6. SIMD Strategy by Platform
WASM v128 (Tile/Browser)
;; L2 distance: fp16 vectors, 384 dimensions
;; Process 8 fp16 values per v128 operation
(func $l2_fp16_384 (param $a_ptr i32) (param $b_ptr i32) (result f32)
(local $acc v128)
(local $i i32)
(local.set $acc (v128.const i64x2 0 0))
(local.set $i (i32.const 0))
(block $done
(loop $loop
;; Load 8 fp16 values, widen to f32x4 pairs
;; Subtract, square, accumulate
;; ... (8 values per iteration, 48 iterations for 384 dims)

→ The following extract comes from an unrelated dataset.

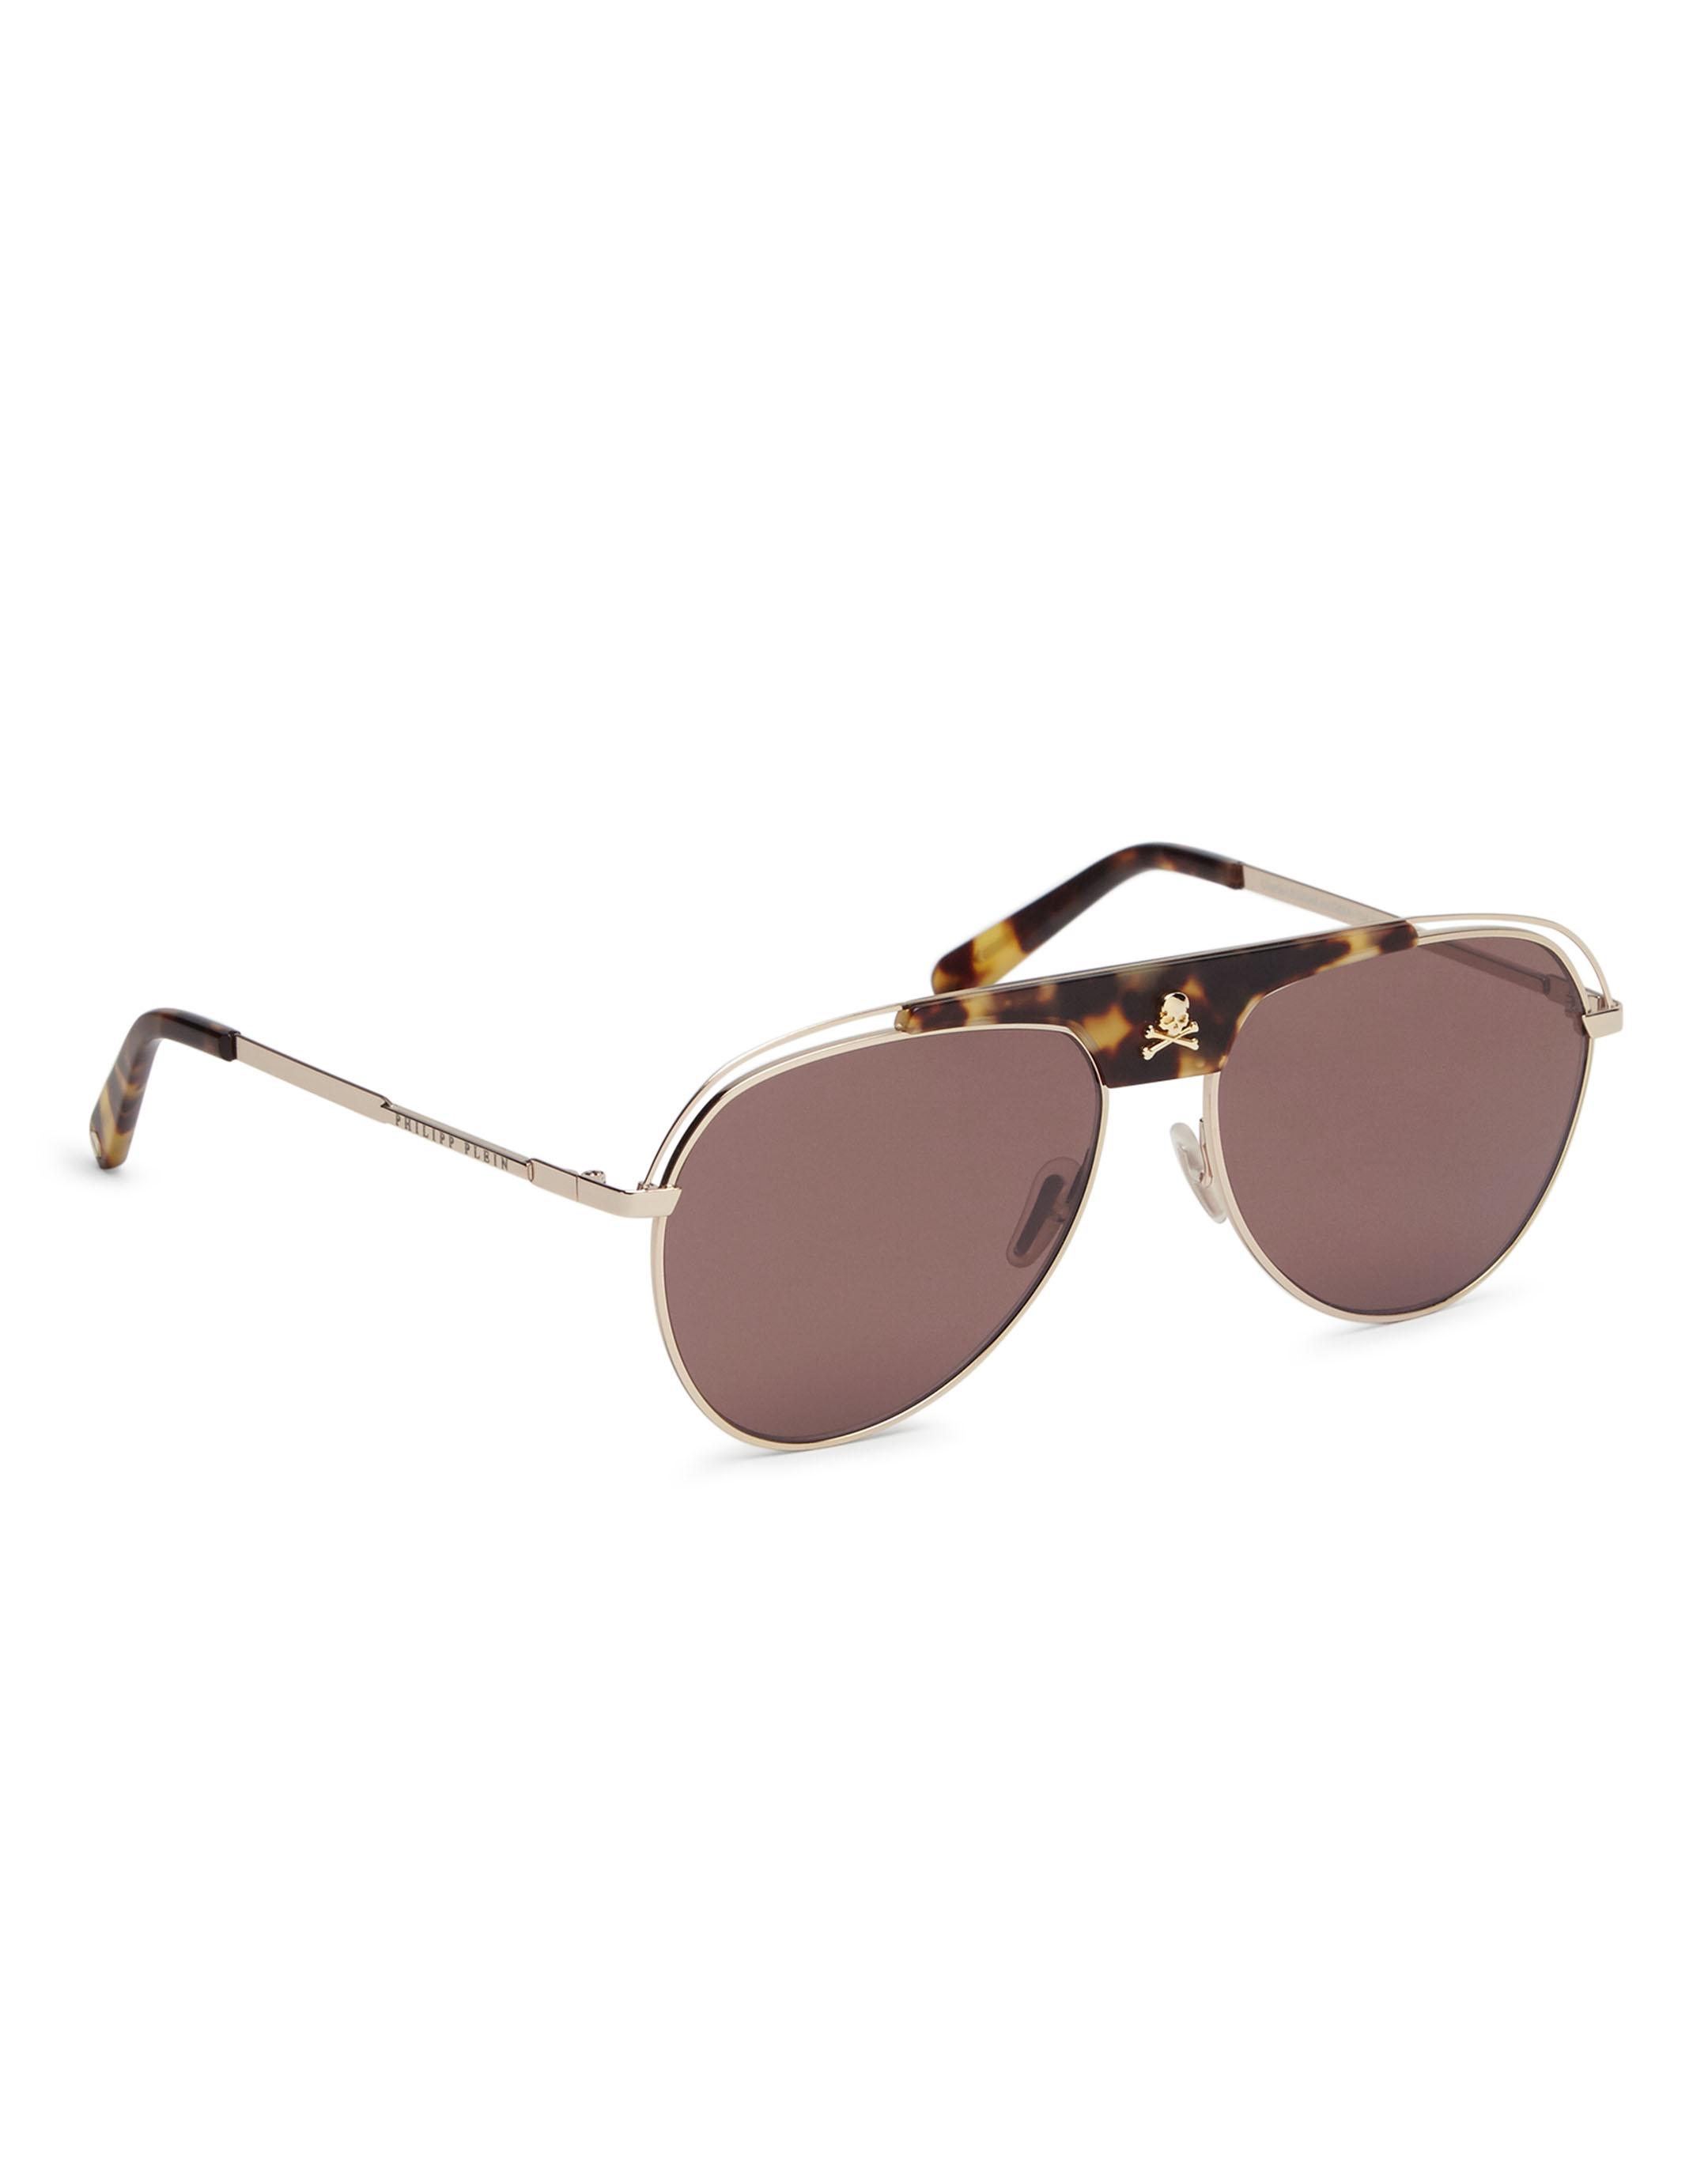 Philipp Plein Sunglasses Charlie Basic p0fhyrn7d9

(br_if $done (i32.ge_u (local.get $i) (i32.const 384)))
(br $loop)
)
)
;; Horizontal sum of accumulator
;; Return L2 distance
)
AVX-512 (Desktop/Server)
; Process 32 fp16 values per cycle with VCVTPH2PS + VFMADD231PS
; 384 dims = 12 iterations of 32 values
; ~12 cycles per distance computation
ARM NEON (Mobile/Edge)
; Process 8 fp16 values per cycle with FMLA
; 384 dims = 48 iterations of 8 values
; ~48 cycles per distance computation
7. Microkernel Size Budget
Function Estimated Size
-------- --------------
rvf_init 128 B
rvf_load_query 64 B
rvf_load_block 256 B
rvf_distances (L2 fp16) 512 B
rvf_distances (L2 i8) 384 B
rvf_distances (IP fp16) 512 B
rvf_distances (hamming) 256 B
rvf_topk_merge 384 B
rvf_topk_read 64 B
rvf_load_sq_params 64 B
rvf_dequant_i8 256 B
rvf_load_pq_codebook 128 B
rvf_pq_distances 512 B
rvf_load_neighbors 128 B
rvf_greedy_step 512 B
rvf_verify_header 128 B
rvf_crc32c 256 B
Message dispatch loop 384 B
Utility functions 256 B
WASM overhead 512 B
----------
Total ~5,500 B (< 8 KB code budget)
Remaining ~2.5 KB of code space is available for domain-specific extensions (e.g., codon distance for RVDNA profile, token overlap for RVText profile).
8. Fault Isolation
Each tile runs in a WASM sandbox. A tile cannot:
- Access hub memory directly
- Communicate with other tiles except through the hub
- Allocate memory beyond its 8 KB data + 64 KB scratch
- Execute code beyond its 8 KB code space
- Trap without the hub catching and recovering
If a tile traps (out-of-bounds, unreachable, stack overflow):
- Hub catches the trap
- Hub marks tile as faulted
- Hub reassigns the tile's work to another tile (or processes locally)
- Hub optionally restarts the faulted tile with fresh state
This makes the system resilient to individual tile failures — important for large tile arrays where hardware faults are inevitable.